Down-sampling of the Negative Dataset
This guide demonstrates how to control the negative dataset during the data preparation stage.
Methods
aiqclib provides two methods to control the negative dataset:
Selection of negative profiles
Selection of neighboring observations within positive profiles
Preparation
The generation of negative data is controlled by a configuration file. The following command with extension="reduced" produces a template configuration file for controlling the negative dataset.
import aiqclib as aq
import os
config_path = os.path.expanduser("~/aiqc_project/config/prepare_config.yaml")
aq.write_config_template(
file_name=config_path,
stage="prepare",
extension="reduced"
)
The step_class_sets and step_param_sets sections in this configuration template are different from the default template produced by extension="".
step_class_sets:
- name: data_set_step_set_1
steps:
input: InputDataSetA
summary: SummaryDataSetA
select: SelectDataSetA # Not SelectDataSetAll
locate: LocateDataSetA # Not LocateDataSetAll
extract: ExtractDataSetA
split: SplitDataSetA # Not SplitDataSetAll
step_param_sets:
- name: data_set_param_set_1
steps:
input: { sub_steps: { rename_columns: false,
filter_rows: true },
rename_dict: { },
filter_method_dict: { remove_years:,
keep_years: [] } }
summary: { }
select: { neg_pos_ratio: 5 }
locate: { neighbor_n: 5 }
extract: { }
split: { test_set_fraction: 0.1,
k_fold: 10 }
Selection of Negative Profiles
Positive profiles are selected before the negative profile selection. Positive profiles are defined as profiles that have at least one flagged (bad/invalid) observation.
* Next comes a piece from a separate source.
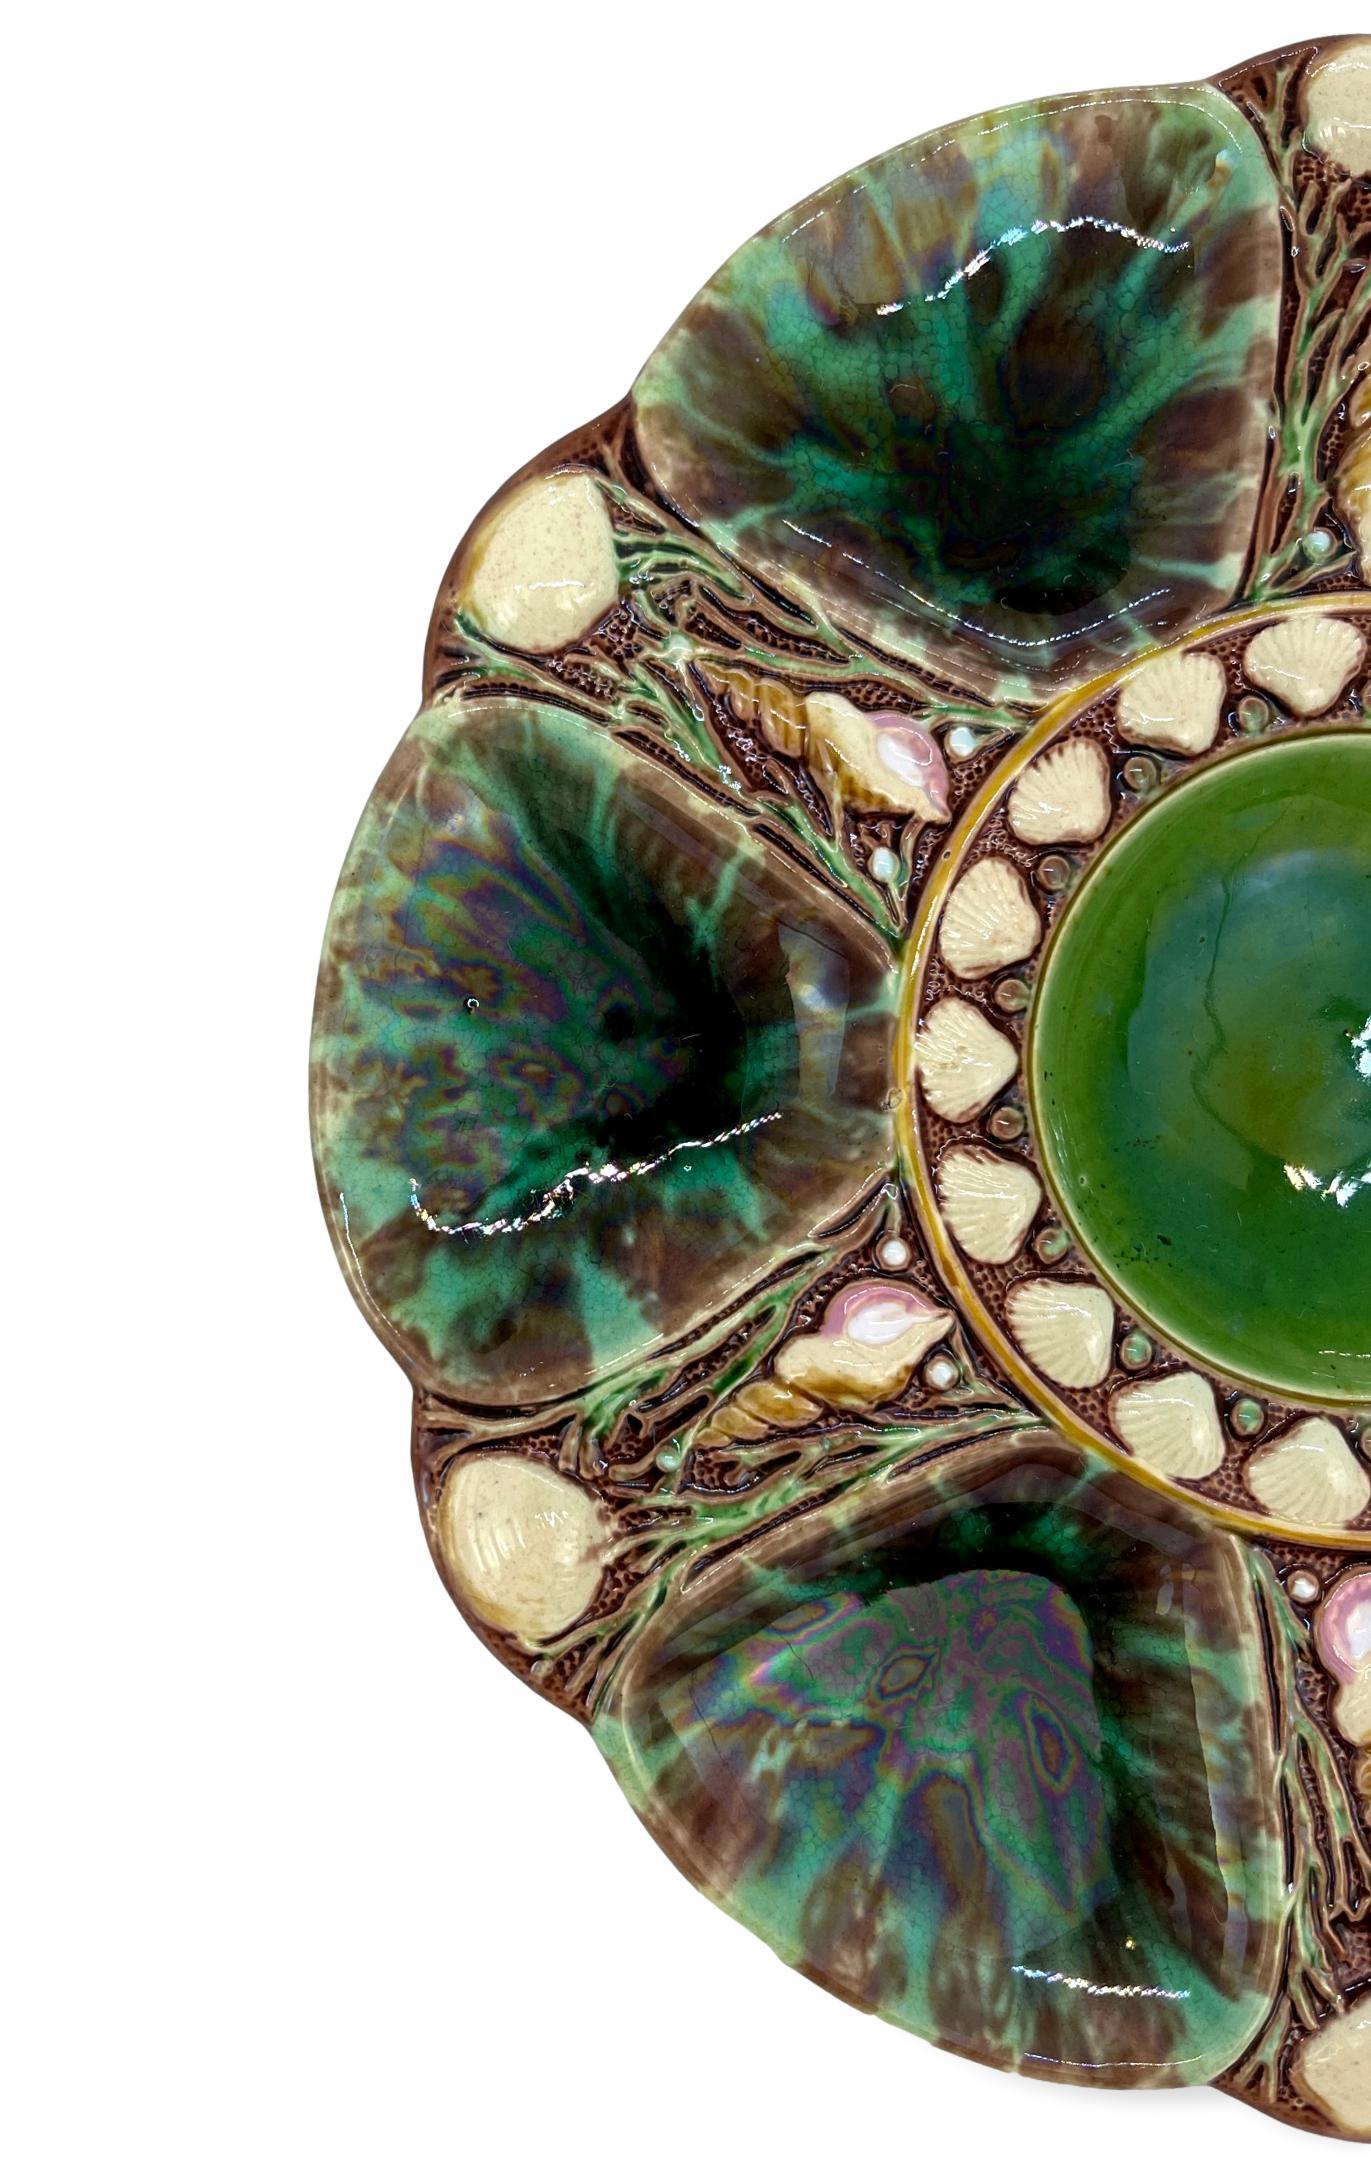 Minton Majolica six-well oyster plate, glazed in mottled greens and browns, the reverse impressed, 'Minton,' and date cypher for 1871, molded British Registry Lozenge for 20 March 1867 (when the design was registered), and impressed design number

Profile identification: Positive profiles (with flagged observations) and negative profiles (without) are identified.
Profile pairing: Each positive profile is paired with several negative profiles based on date differences for contextual similarity.
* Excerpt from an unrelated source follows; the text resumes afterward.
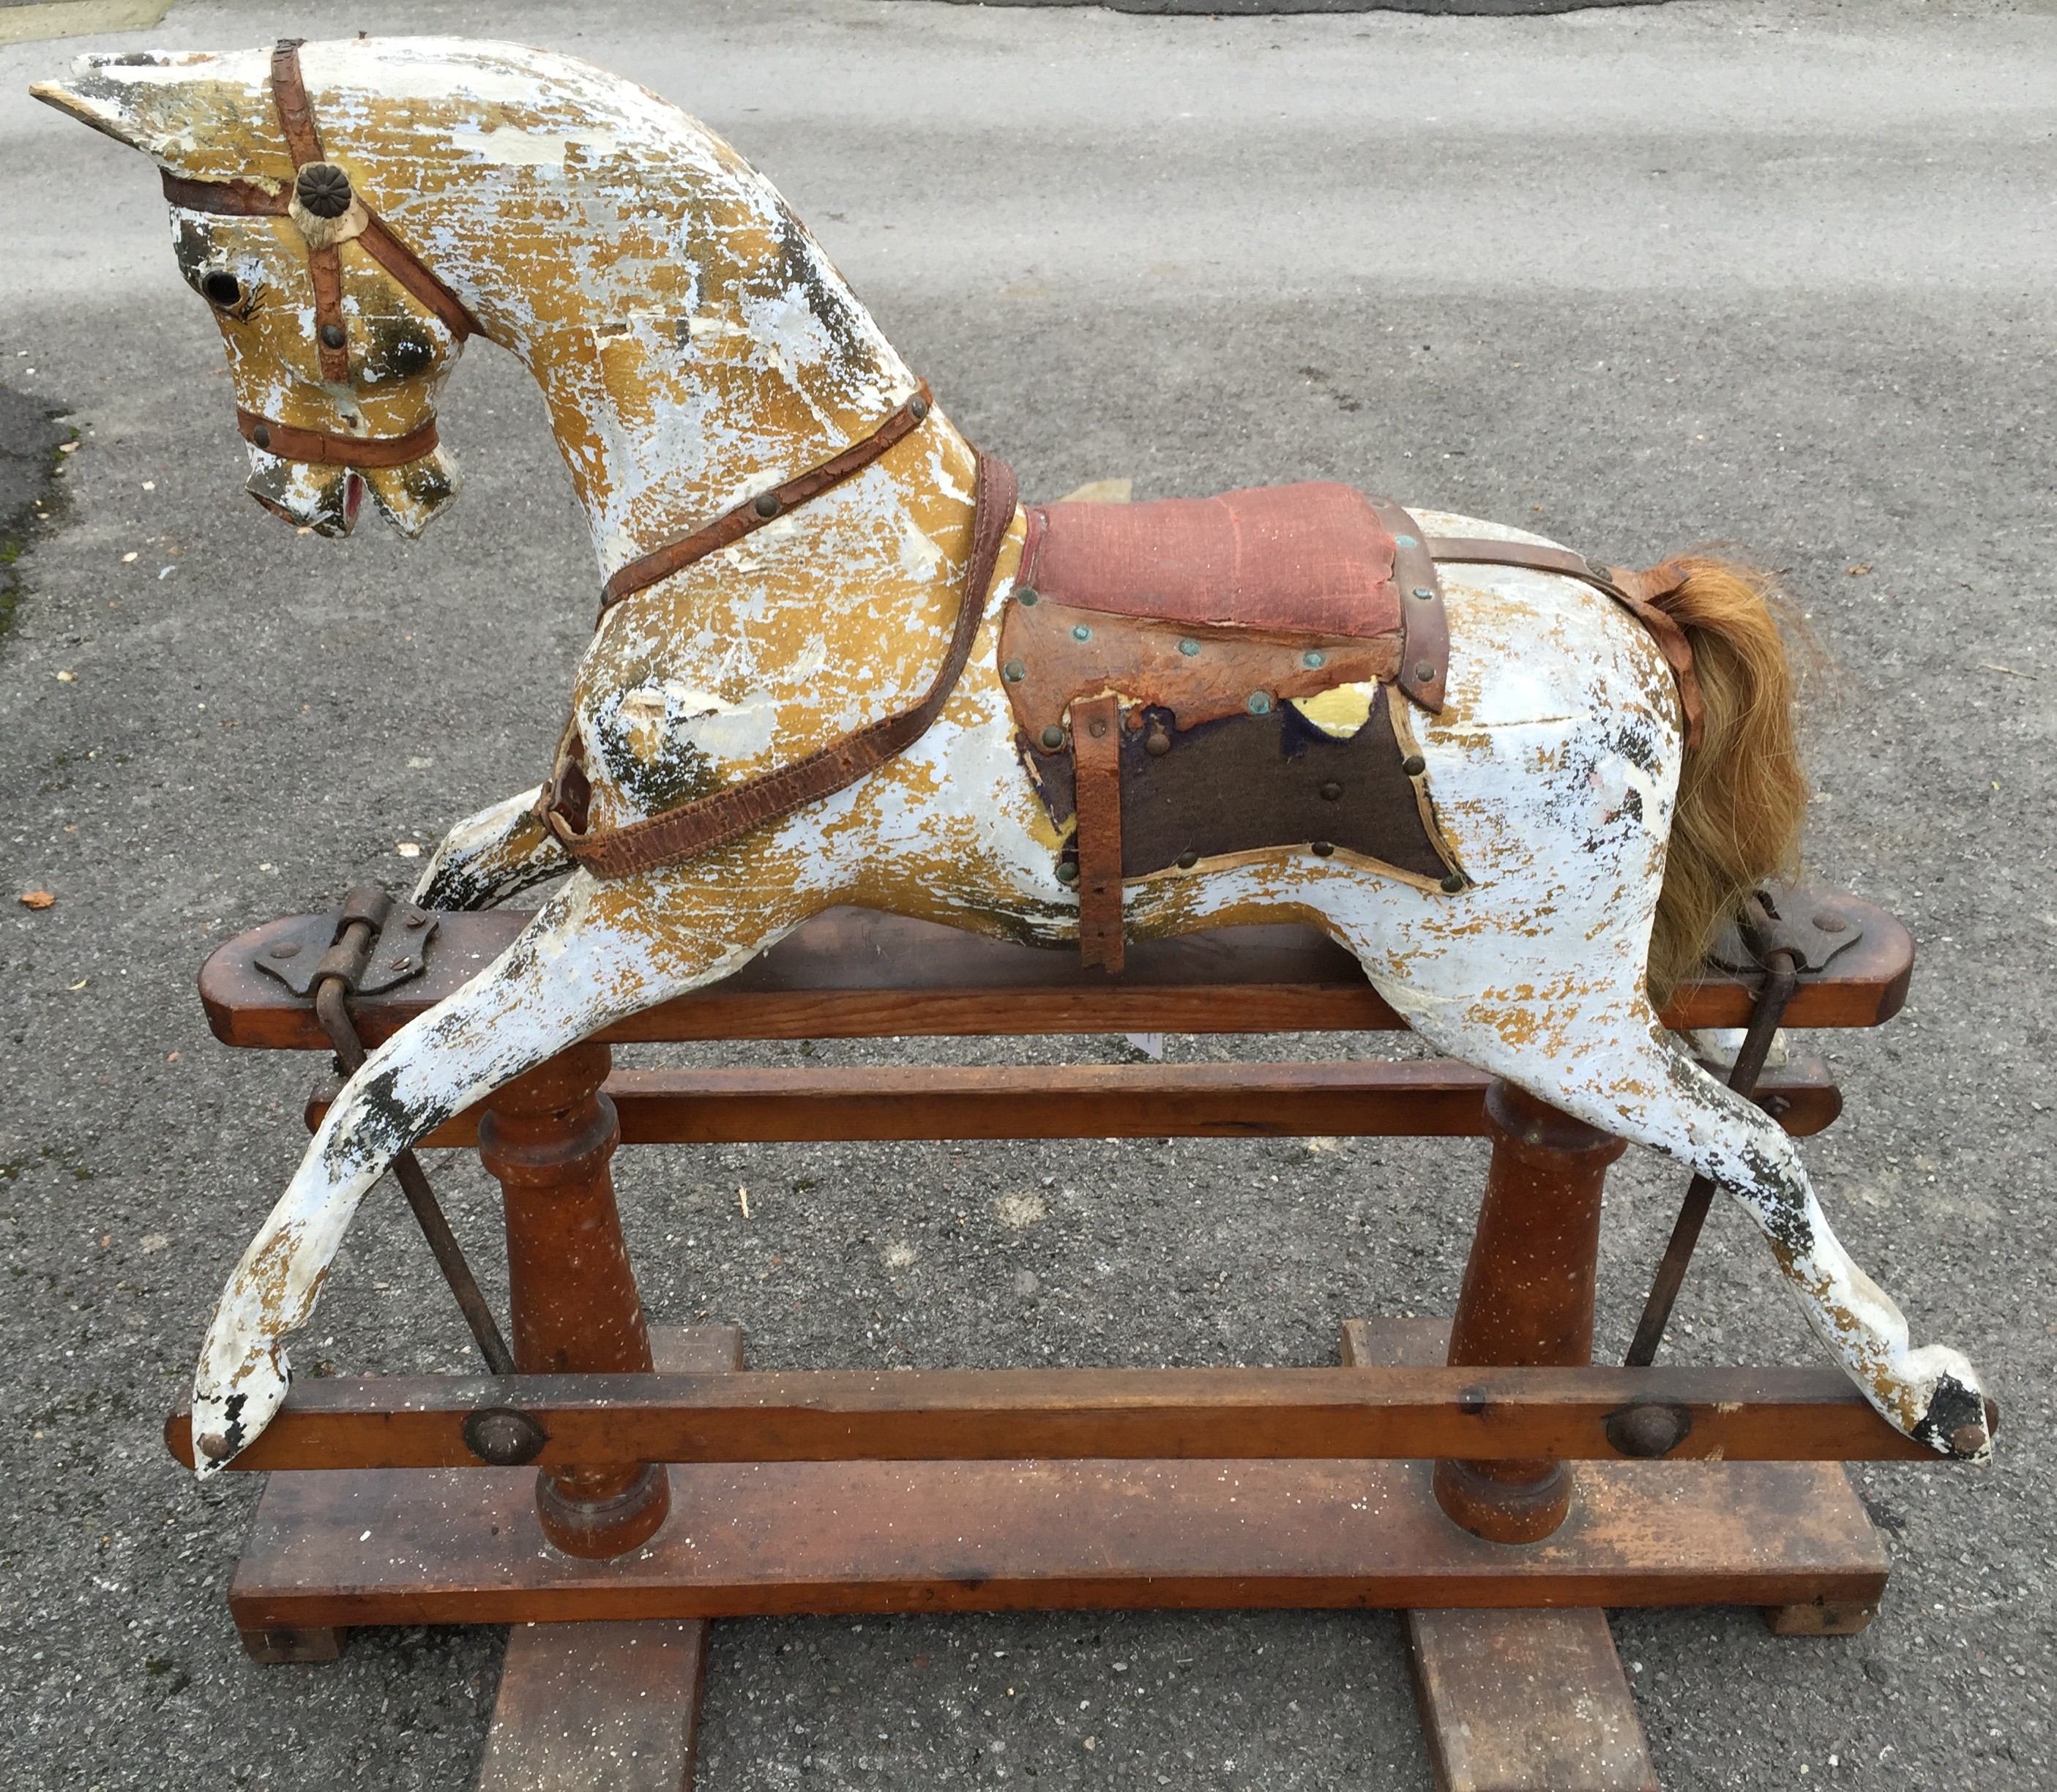 Early 20th Century G & J Lines (London) Rocking Horse ''Queenie'': dappled grey rocking horse with

The number of paired negative profiles is defined by neg_pos_ratio in the step_param_sets section.
step_param_sets:
- name: data_set_param_set_1
steps:
input: { sub_steps: { rename_columns: false,
filter_rows: true },
rename_dict: { },
filter_method_dict: { remove_years:,
keep_years: [] } }
summary: { }
select: { neg_pos_ratio: 5 }
locate: { neighbor_n: 5 }
extract: { }
split: { test_set_fraction: 0.1,
k_fold: 10 }
Once the pairs are formed, the observations of similar depth between the pairs are used to select negative observations. A pair usually produces a pair of positive and negative observations. For example, neg_pos_ratio: 5 selects five negative profiles for each positive profile, which then produces five negative observations per positive observation.
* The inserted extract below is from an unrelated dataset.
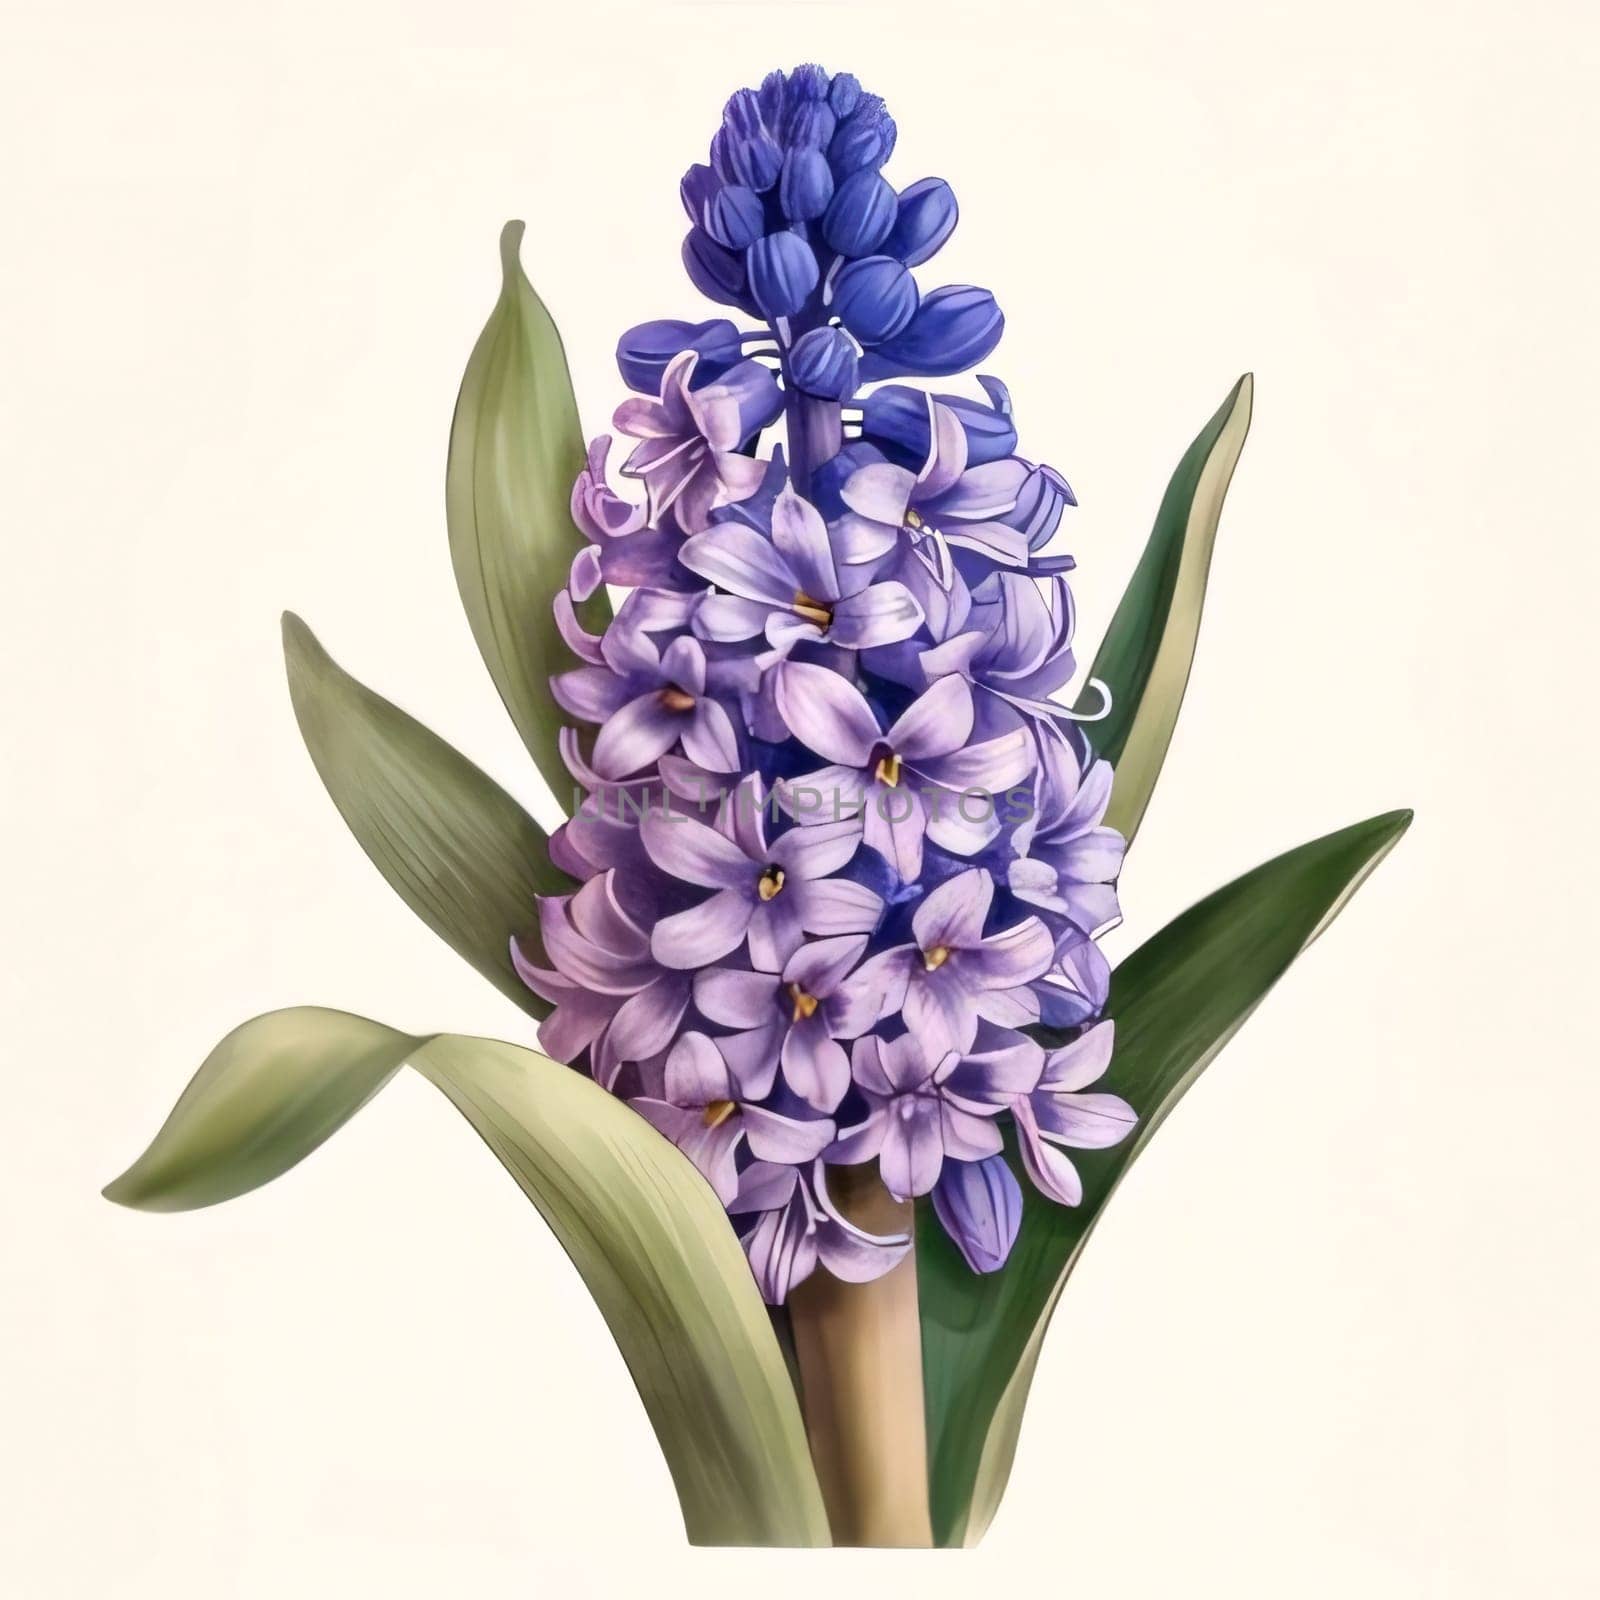 Drawn, painted flowers: purple hyacinth flower with green stem and leaves. Flowering flowers, a symbol of spring, new life. A joyful time of nature waking up to life.

Selection of Neighboring Observations
Negative observations can also be selected from positive profiles. When positive observations are identified and neighbor_n is set in the step_param_sets section, several upward and downward neighboring observations are selected unless they are also positive observations.
The number of neighboring negative observations is defined by neighbor_n in the step_param_sets section.
step_param_sets:
- name: data_set_param_set_1
steps:
input: { sub_steps: { rename_columns: false,
filter_rows: true },
rename_dict: { },
filter_method_dict: { remove_years:,
keep_years: [] } }
summary: { }
select: { neg_pos_ratio: 5 }
locate: { neighbor_n: 5 }
extract: { }
split: { test_set_fraction: 0.1,
k_fold: 10 }
For example, neighbor_n: 5 selects up to 10 negative observations from both the upward and downward neighbors around a positive observation.